WORK REQUIRED -
Your copy must hold all of the data below, unchanged and without images.
STORED DATA START
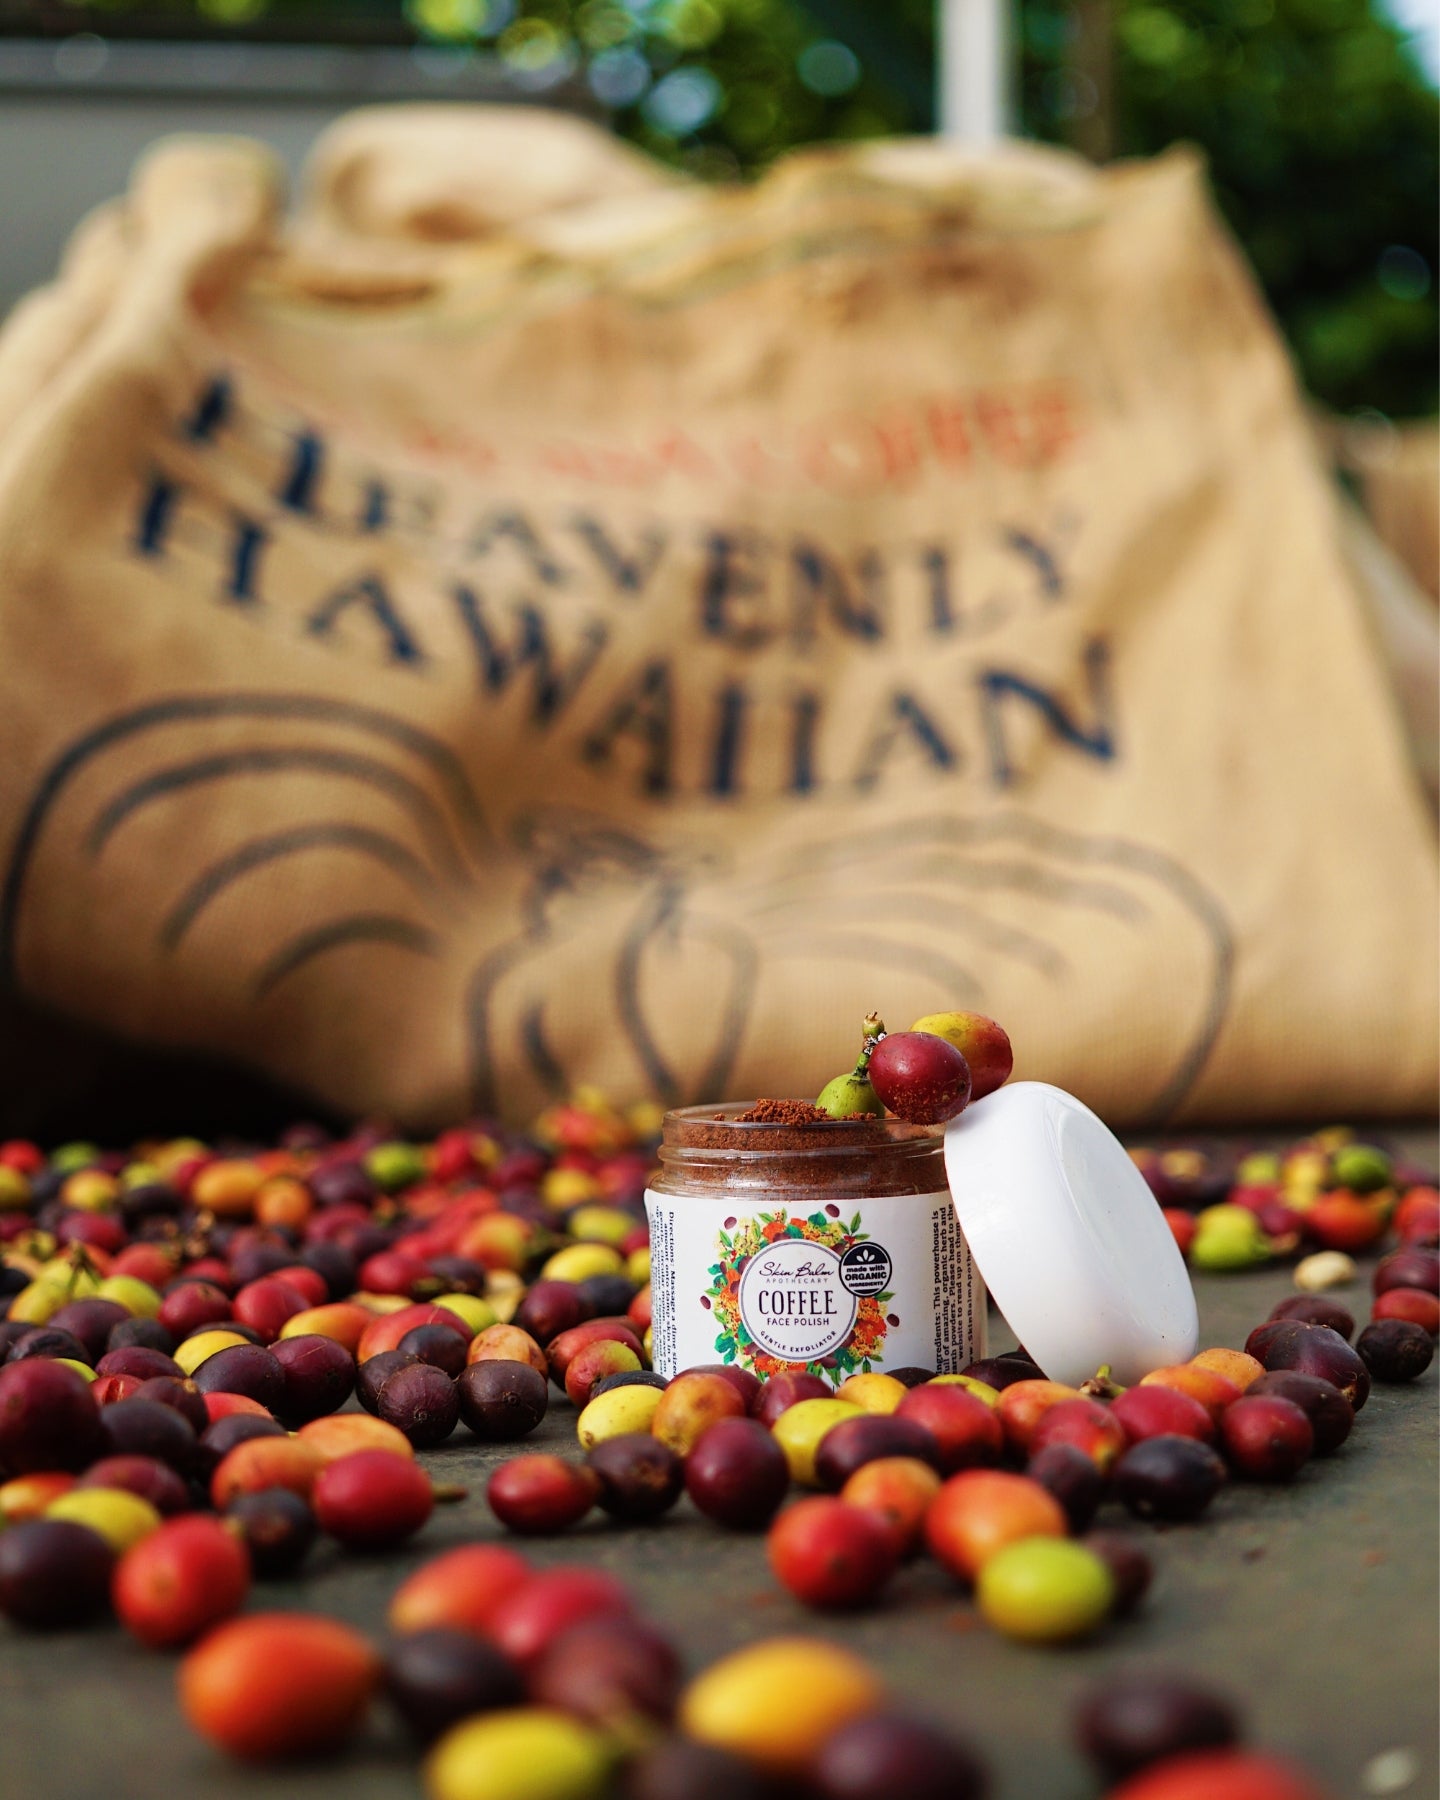 Coffee Face Polish surrounded by coffee cherries with a burlap sack blurred in the background.
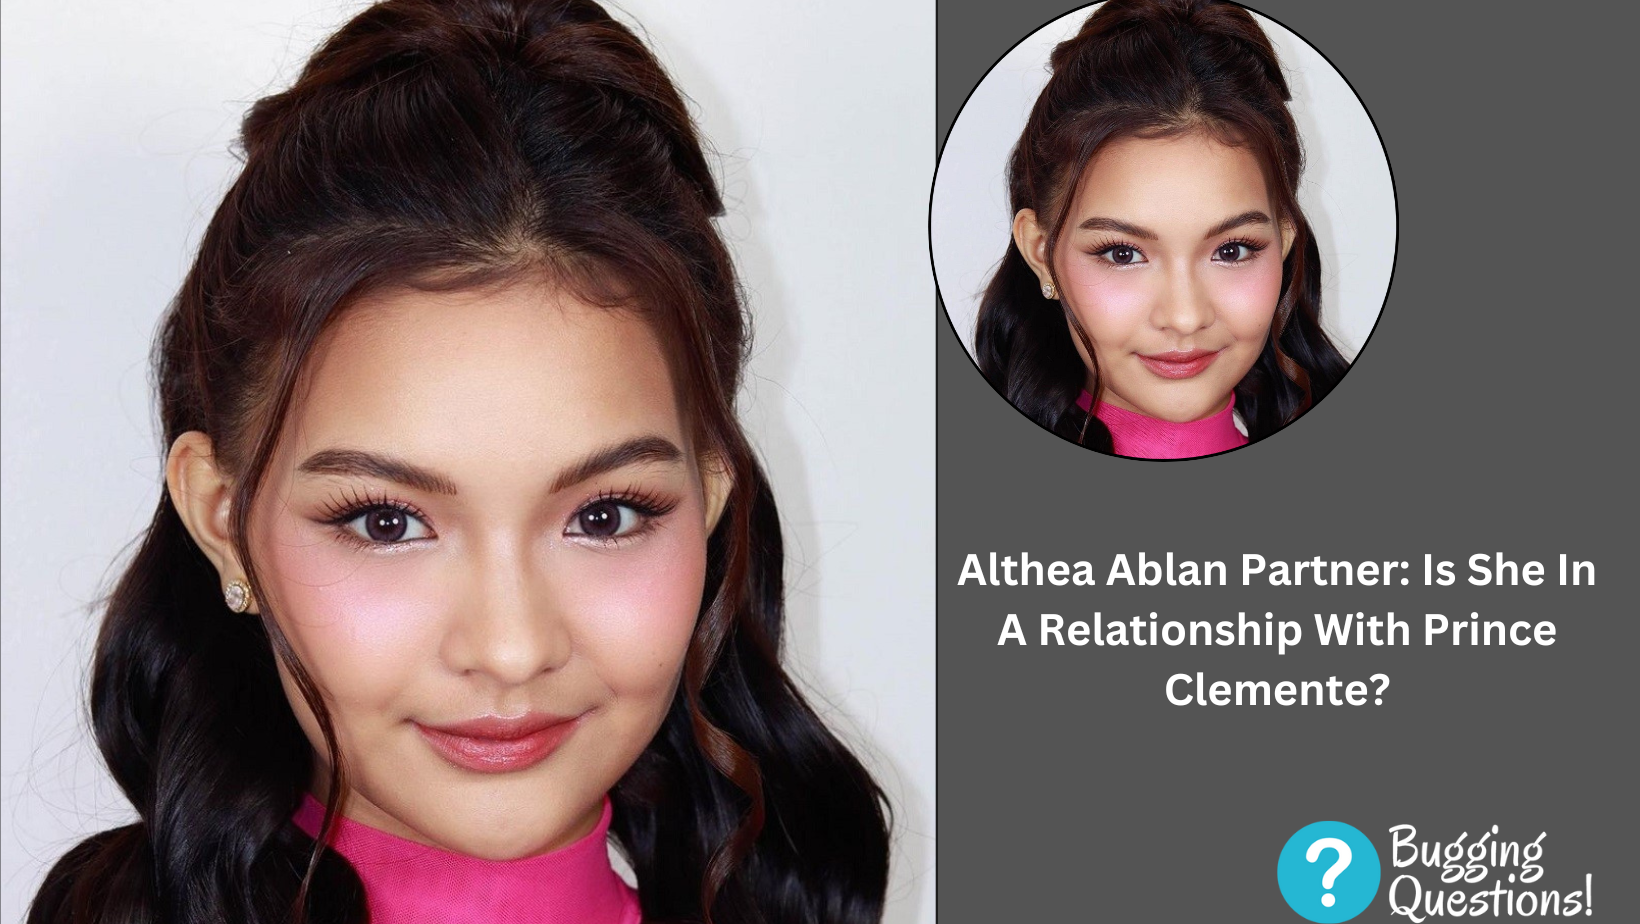 Althea Ablan Partner: Is She In A Relationship With Prince Clemente?
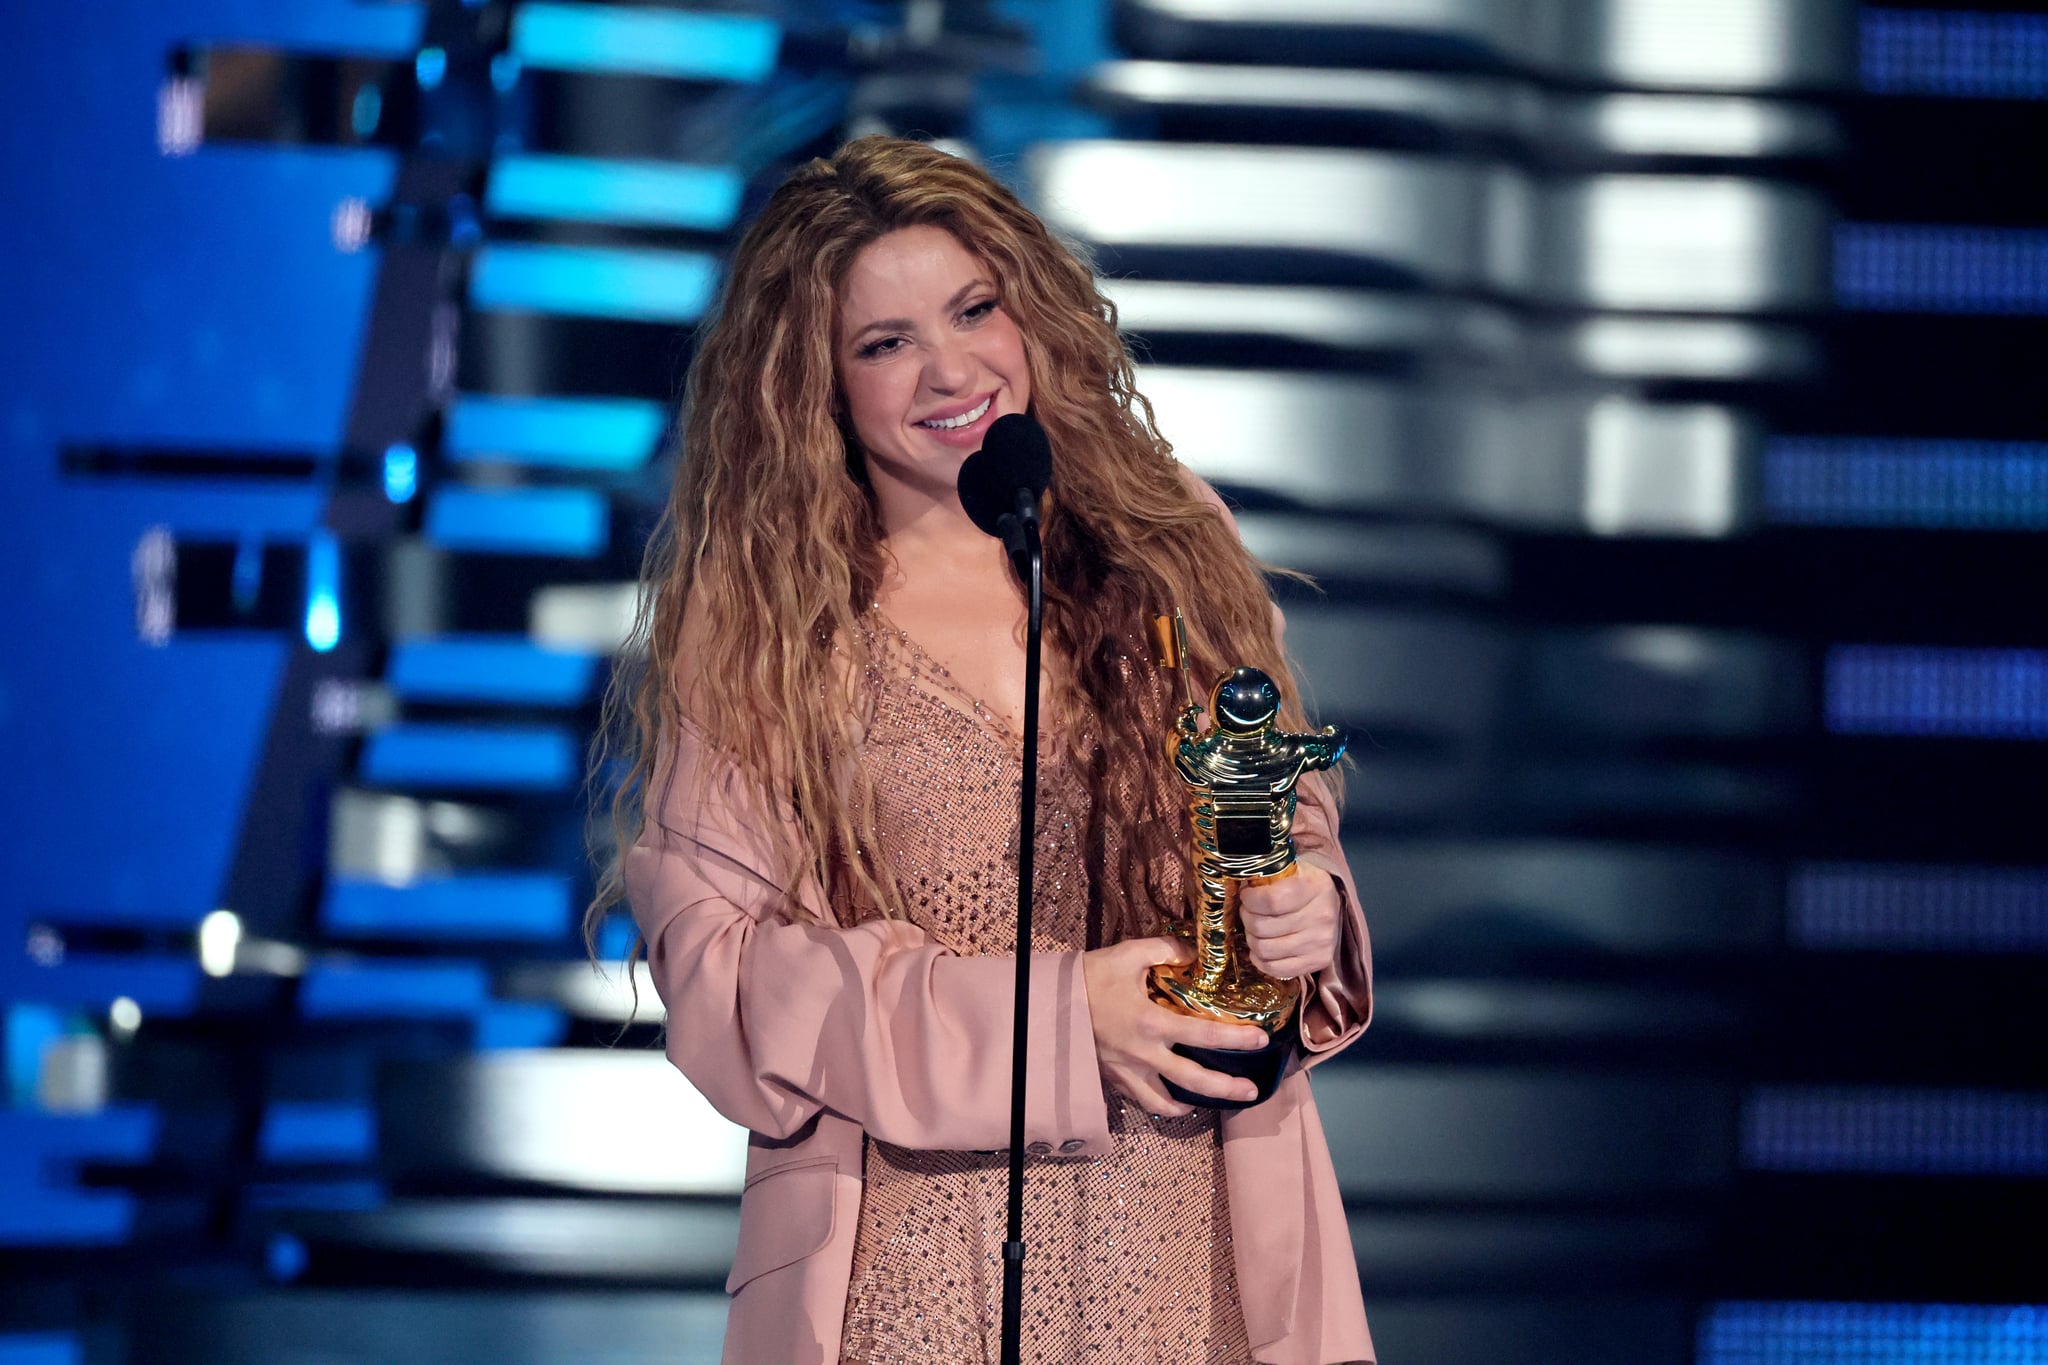 NEWARK, NEW JERSEY - SEPTEMBER 12: Shakira accepts the Michael Jackson Video Vanguard Award onstage at the 2023 MTV Video Music Awards on September 12, 2023 in Newark, New Jersey. (Photo by Dia Dipasupil/Getty Images)
STORED DATA END
EXPECTED ANSWER -
 Coffee Face Polish surrounded by coffee cherries with a burlap sack blurred in the background.
 Althea Ablan Partner: Is She In A Relationship With Prince Clemente?
 NEWARK, NEW JERSEY - SEPTEMBER 12: Shakira accepts the Michael Jackson Video Vanguard Award onstage at the 2023 MTV Video Music Awards on September 12, 2023 in Newark, New Jersey. (Photo by Dia Dipasupil/Getty Images)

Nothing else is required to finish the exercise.